Constitutional heterochromatin domains are regions of DNA found in the chromosomes of eukaryotes.  Most constitutive heterochromatin is found in pericentromeric regions of chromosomes, but is also found at telomeres and throughout chromosomes.  Humans have significantly more constitutive heterochromatin on chromosomes 1, 9, 16, 19 and Y.  Constitutional heterochromatin is primarily composed of high copy number tandem repeats called satellite repeats, minisatellite and microsatellite repeats, and transposon repeats. In humans these regions make up about 200Mb, or 6.5% of the total human genome ., but their repetitive composition makes them difficult to sequence, so only short regions have been sequenced.
Visualization of Constitutional heterochromatin is possible using the C-banding technique . The regions that are darker are regions of constitutive heterochromatin.  Due to the highly condensed nature of DNA, heterochromatin is dark in colour.
Constitutional heterochromatin is not to be confused with alternative heterochromatin , which is less condensed, less stable and much less polymorphic , and which does not stain when using the C-banding technique.
Constitutive heterochromatin is more commonly found at the periphery of the nucleus attached to the nuclear membrane. This concentrates the euchromatic DNA in the center of the nucleus where it can be actively transcribed. During mitosis it is believed that constitutive heterochromatin is essential for proper separation of sister chromatids and centromere function.  The repetitive sequences found in the pericentromere are not conserved in many species and are more dependent on epigenetic modifications for regulation, whereas telomeres show more conserved sequences.
Constitutional heterochromatin was thought to be relatively devoid of genes, but researchers have found more than 450 genes in the heterochromatic DNA of Drosophila melanogaster .  These regions are highly condensed and epigenetically modified to inhibit transcription. For genes to be transcribed, they must have a mechanism to overcome the silencing that occurs in the rest of the heterochromatin. There are several proposed models for how genes are expressed in these regions, including insulation, denial, integration, exploitation, and TE inhibition models.
When genes are placed near a region of constitutive heterochromatin, their transcription is usually silenced. This is known as a position-effect change and can lead to a mosaic phenotype .
Replication and Epigenetics
Constitutive heterochromatin replicates late in the S phase of the cell cycle and does not participate in meiosis.
Histone modification is one of the main ways that the cell condenses constitutive heterochromatin.  The three most common modifications in constitutive heterochromatin are histone hypoacetylation , histone H3-lis9 methylation ( H3K9 ), and cytosine methylation . These modifications are also found in other types of DNA, but much less frequently. Cytosine methylation is the most common type, although it is not found in all eukaryotes. Humans have increased methylation at the centromere and telomeres, which are composed of constitutive heterochromatin. These modifications can persist through both mitosis and meiosis and are genetic .
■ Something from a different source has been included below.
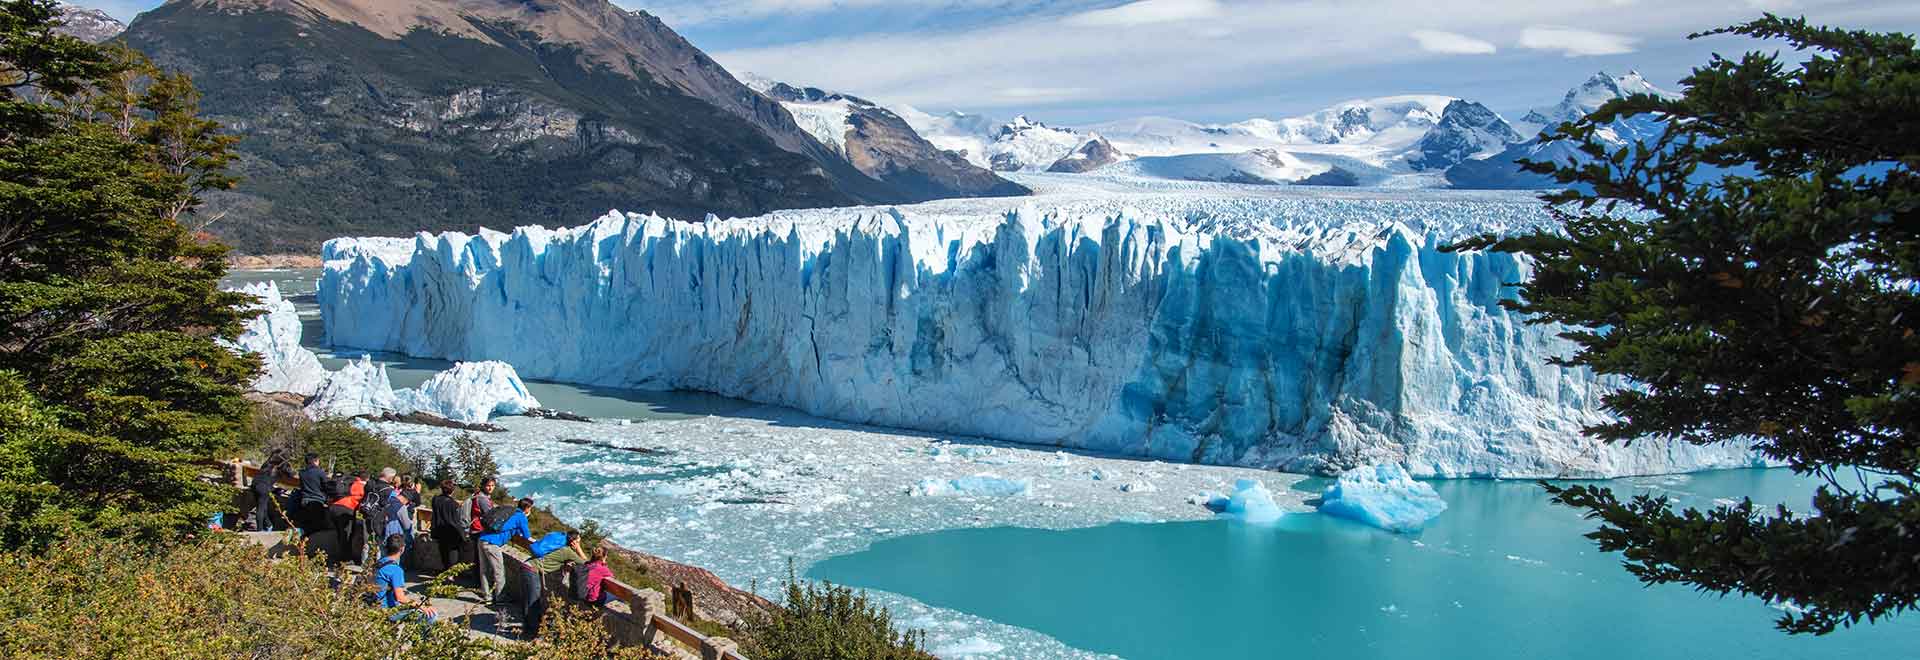 Americas Argentina Perito Moreno Glacier MH

SUV39H1 is a histone methyltransferase that methylates H3K9, providing a binding site for heterochromatin protein 1 (HP1). HP1 is involved in the chromatin condensation process that makes DNA inaccessible for transcription.
Genetic disorders that result from mutations involving constitutive heterochromatin affect cell differentiation and are inherited in an autosomal recessive pattern.  Disorders include Roberts syndrome and ICF syndrome .
Some cancers are associated with anomalies in constitutive heterochromatin and proteins involved in its formation and maintenance. Breast cancer is associated with a deficiency in the HP1 alpha protein , whereas non-Hodgkin’s lymphoma is associated with hypomethylation of the genome, and especially of satellite regions.